Z cyklu broń ratuje życie: w Ostrawie w Czechach uzbrojony obywatel powstrzymał brutalny atak na pasażerów tramwaju

Czechy, Ostrawa. W dniu 9 grudnia 2017 roku wieczorem w tramwaju bez widocznego powodu przestępca brutalnie zaatakował pasażera, rozbijając mu butelkę na głowie.

Agresor został powstrzymany przez pasażera, który legalnie posiadał broń. Okazanie broni powstrzymało agresora, usiadł ponownie na miejscu. Na najbliższym przystanku wysiadł i uciekł. Czeska policja poszukuje bandziora.

Policja prowadzi postępowanie karne, prosi o pomoc w ujęciu sprawcy napadu.

(źródło ostrava-online.cz m.novinky.cz)


 

Jest tak jak mówiłem już wiele razy, broń ratuje po cichu. Bez wystrzału, bandzior grzecznie powstrzymuje się z dalszym zamachem, wystarcza to, że naprzeciwko niego stanie praworządny obywatel z pistoletem w ręku. Na sam widok uzbrojonego obywatela, bandzior siada na swoje miejsce i siedzi.

Tak działa broń w rękach praworządnych ludzi na całym świecie, wobec agresywnych bandytów. W USA, w Czechach, tak samo by broń działała w Polsce, ale niestety… W Polsce obowiązująca jest komunistyczna doktryna, że to nie obywatel ma zadbać o swoje bezpieczeństwo osobiste w chwili i miejscu zdarzenia. Można powiedzieć obywatel niczym, za wszystko bierze odpowiedzialność wszechwładne państwo. Wygłaszał ją nie tak dawno w Sejmie towarzysz wiceminister od spraw wewnętrznych Zieliński, w słowach:

(…) za bezpieczeństwo obywateli odpowiada Państwo. Nie sam obywatel za swoje bezpieczeństwo tylko Państwo i stosowne służby, które to Państwo – Służby Państwowe, które to państwo powołuje

Jak widać na powyższym przykładzie ta doktryna zupełnie nie sprawdza się w praktyce. Zresztą jak wszystko co komunistyczne czy socjalistyczne. Nikt posiadający elementarną wiedzę i rozum na naturalnym poziomie rozwoju osobniczego, nie może odpowiedzialnie stawiać tezy, że w chwili i miejscu zamachu za bezpieczeństwo obywatela odpowiada państwo i jego służby.

Skoro państwo i służby z zupełnie oczywistych powodów nie mogą wziąć na siebie odpowiedzialności za wszystko i wszystkich, konieczne jest stworzenie reguł prawnych, które pozwolą obywatelowi zadbać o siebie.

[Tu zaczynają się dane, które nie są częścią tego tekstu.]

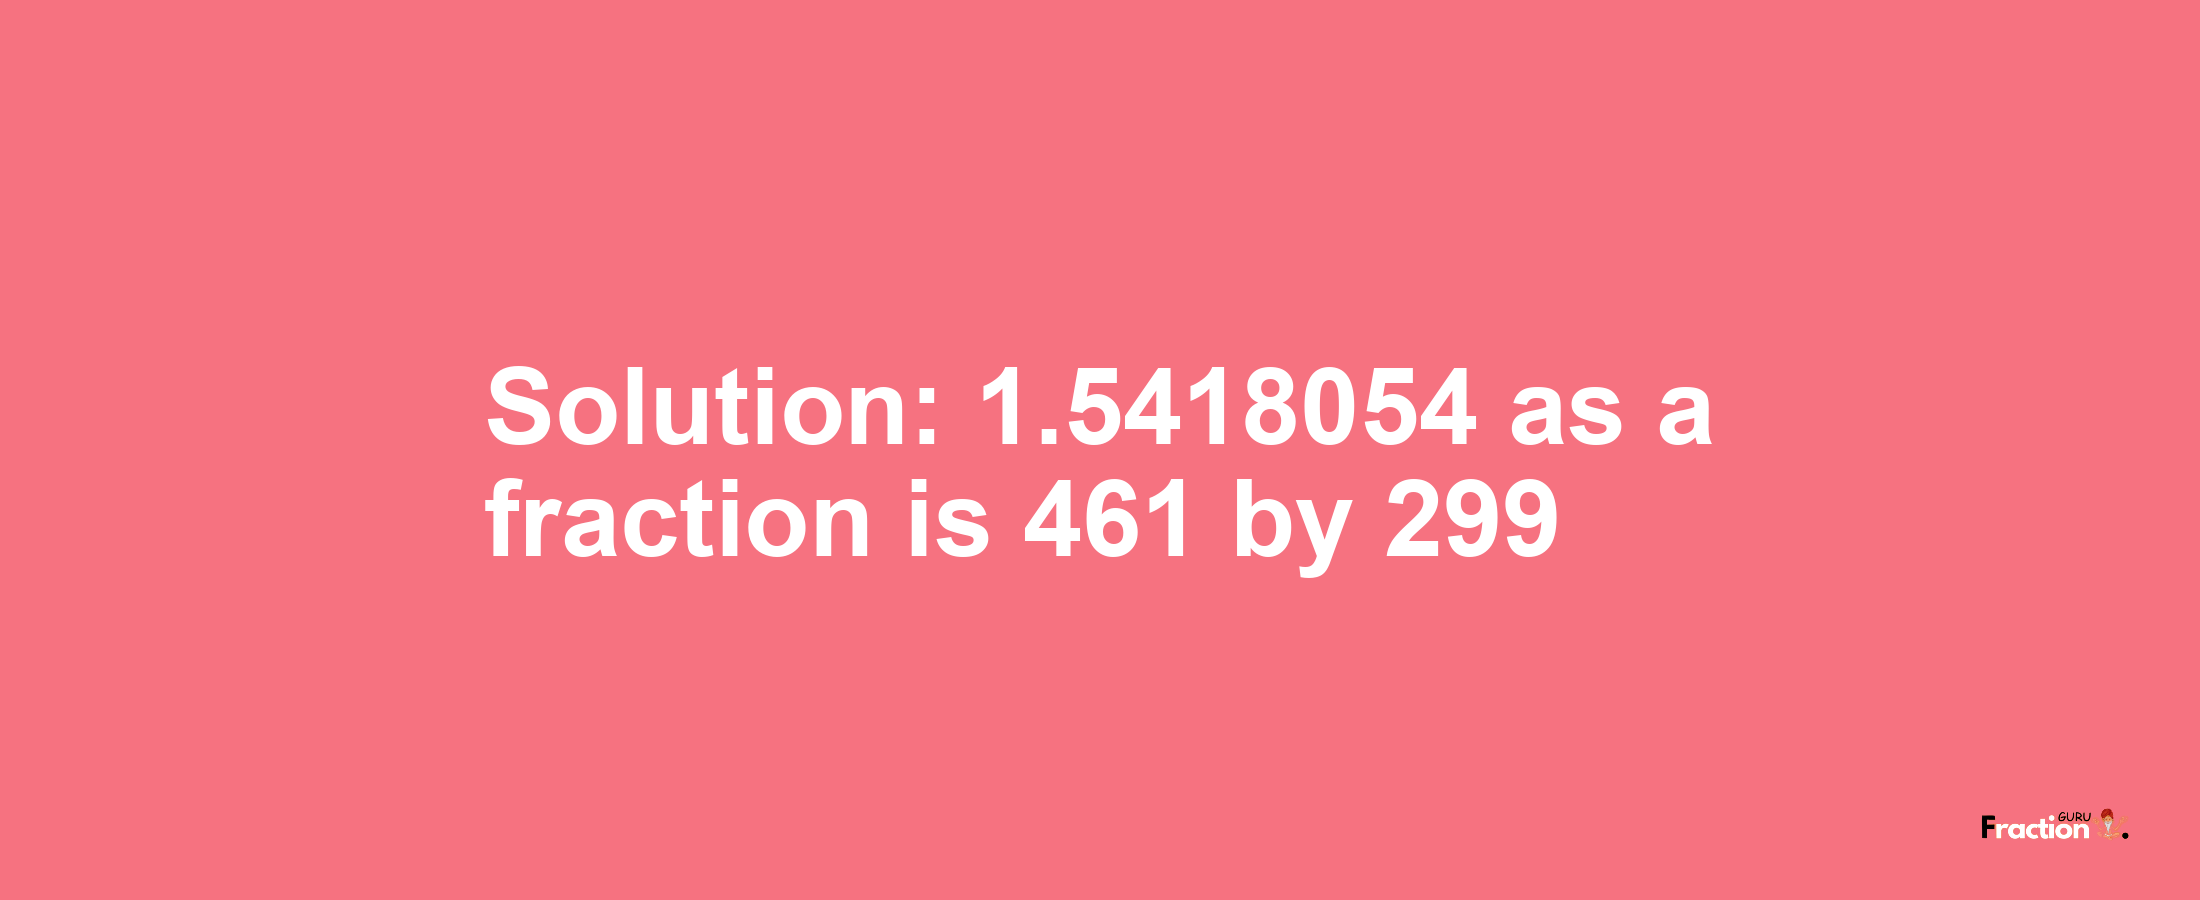 Solution:1.5418054 as a fraction is 461/299

W chwili i miejscu zamachu na ogół nie ma policjanta – i to jest ta oczywistość, która sprawa, że państwo i służby w tej chwili są bezradne wobec zamachu. W chwili i miejscu zamachu jest natomiast agresor – przestępca i ofiara. Prawem naturalnym ofiary jest bronić się skutecznie. Zadaniem państwa to prawo naturalne wyartykułować w przepisach ludzkich. Potrzebne są dwie regulacje. Pierwsza to reguła na wzór amerykańskiej reguły stand your ground (nie cofaj się/nie ustępuj). Póki co takiej zasady w Polsce nie ma, jest delikatna namiastka, ale to wciąż zbyt mało. Druga regulacja to prawo do posiadania i noszenia broni. Tu dużo by pisać, to mam w tej sprawie do powiedzenia, piszę o d kilku lat na tym blogu.

Te dwie regulacje, powinność zapisania w prawie ludzkim prawa naturalnego do życia, a co za tym idzie prawa do obrony, to jedna z zasadniczych spraw, które za swój cel stawia partia Ruch 11 Listopada, którą współtworzę.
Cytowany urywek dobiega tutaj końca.